I had over seventy stuff animals and I could not bear to part with any of them.  As a teenager it was childish to have a shelf full of stuffed animals–but I did not know where to begin when it came to getting rid of them.  I went on a mission trip to Romania and while I was away my mom did an intense cleaning of my bedroom.  She gave almost every single stuff animal away except for a few sentimental ones.  You would think I would have been upset, but I was relieved.  There is a tremendous amount of freedom in having “less stuff.”

I am not a professional organizer, but the more I “winter/spring clean” the more I enjoy it.  I have learned a lot about having an organized attic/crawl space/storage area.  Here are my own suggestions (and I’d love to hear yours!)

1)  If you are using boxes instead of bins, fill them up to the top.  They will stack better and not cave in.

2)  Label  your boxes on the outside facing out.  I used “Hello My Name Is–” name tags I had in my utility drawer.  I used to label boxes on the top which makes no sense if they are stacked.

3)  When in doubt, throw it out.  If you have not used it in a year or it does not work well, give it away.

4)  Keep the items you take out of your storage space annually like Christmas decorations closest to the entrance of your attic/storage space.  Keep items you hardly ever use (if ever) like VHS tapes or cassettes at the very back.

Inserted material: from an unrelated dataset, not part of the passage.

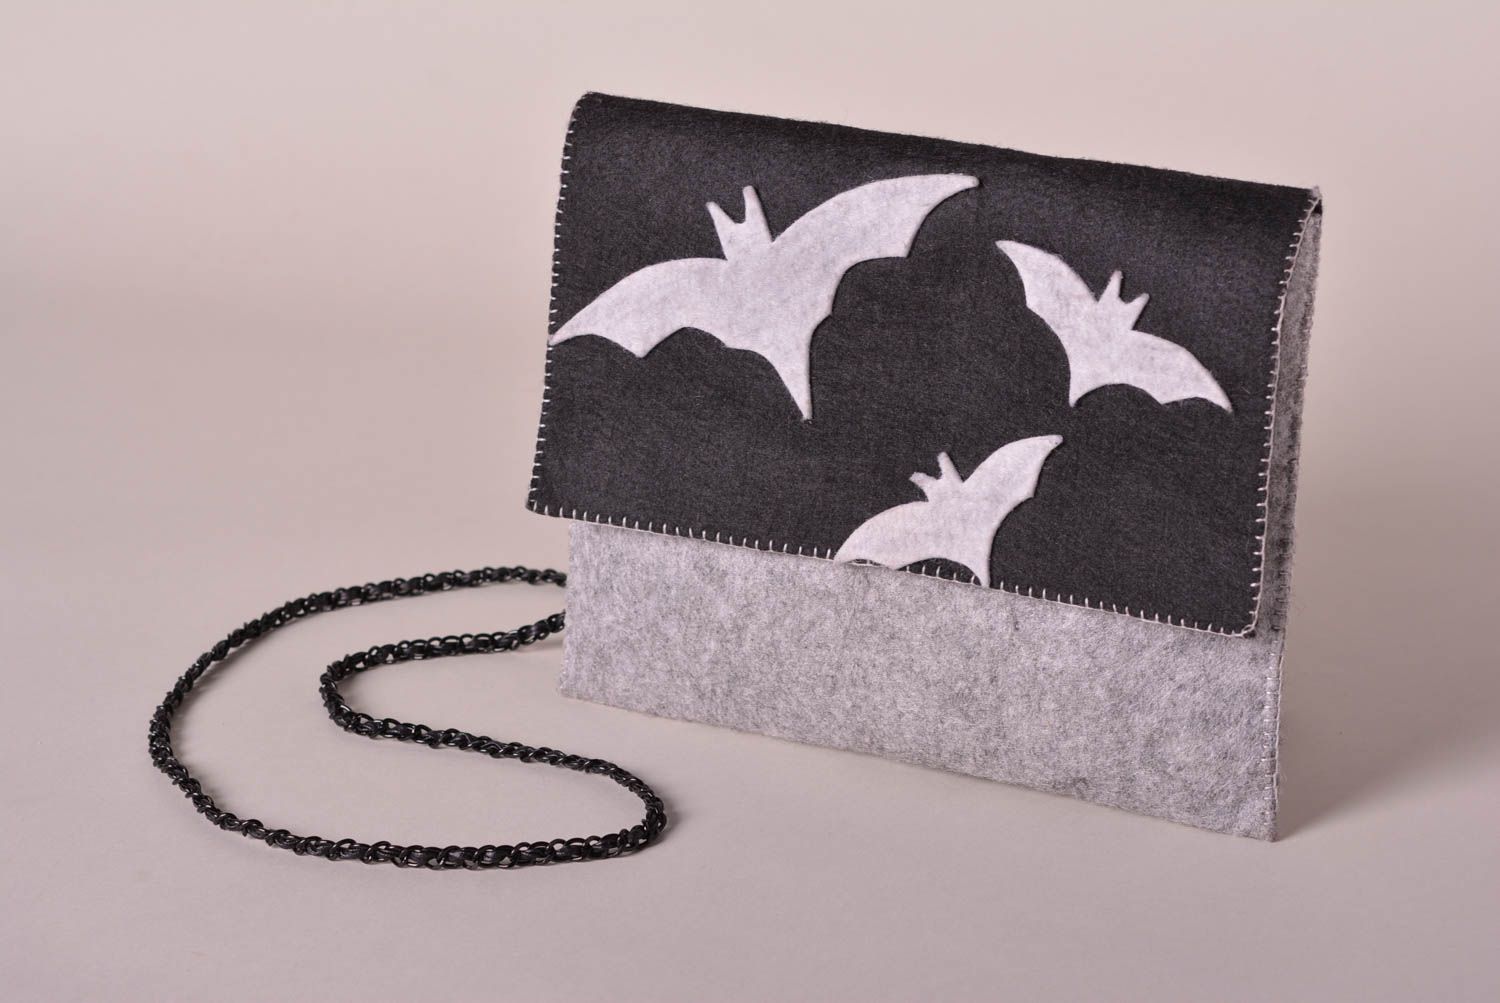 Unusual handmade purse designs beautiful felt wallet accessories for girls photo 1

5)  Do not feel guilty about giving away toys or putting a large amount in storage.  Kids get overwhelmed with too many items to play with.  It actually can cause more conflict and boredom NOT less.

6)  If you save kid’s clothes, label them by size and season.  If you don’t have enough clothes to fill a whole plastic bin, use smaller boxes.  I personally think diaper and pull-up boxes work great.

7)  Each of our kids and my husband and I have “sentimental boxes” we refer to as “our special boxes.”  These are mostly items from our childhood and young adult years.  I go through my kid’s boxes annually and “reorganize them” and even reduce them down.  What might be sentimental to me right now may not be in a year.

8) Put manuals or instruction booklets in a file box.  I found manuals for everything from our refrigerator to a toy I bought my daughter for Christmas.  I would rather not hold on to all of them, but there have been times I have needed one.  Put them in a file or separate bin.

Here’s hoping I can continue to stay this organized!


Here is January 24th and I have taken almost a whole month off from blogging.  That was not really planned.  No, there was not any major crisis that occurred the last two weeks and I am not any more busy than I am other times of the year (less so, actually).

I was reflecting on Everyday Mom and my life in general.  I subscribe to many blogs and read wonderful posts.  I have seen stay-at-home moms like myself turn blogging into a full fledged career with book deals, interviews, seminars etc.  I had no aspirations when I started this blog.  I wanted an outlet to write and remember some of the creative activities I do with my children. If I could get some perks along the way or reach out to other moms along the way…win, win.

Some blogs I read are focused.  They center on frugal living, crafting, food, homeschooling, or couponing.  Mine covers all these things (well except for maybe the couponing).  Sometimes I feel like it is a potluck of too many topics.  A blog with ADD.

But yet that is me.  I love organized people.  I adore them. I married one. Schedules, lists, cleaning jobs, laundry routines–I crave it.  Yet a part of me fights it.  That part is strong and she usually wins.  Too often my life looks like how my attic does right now…a somewhat organized mess.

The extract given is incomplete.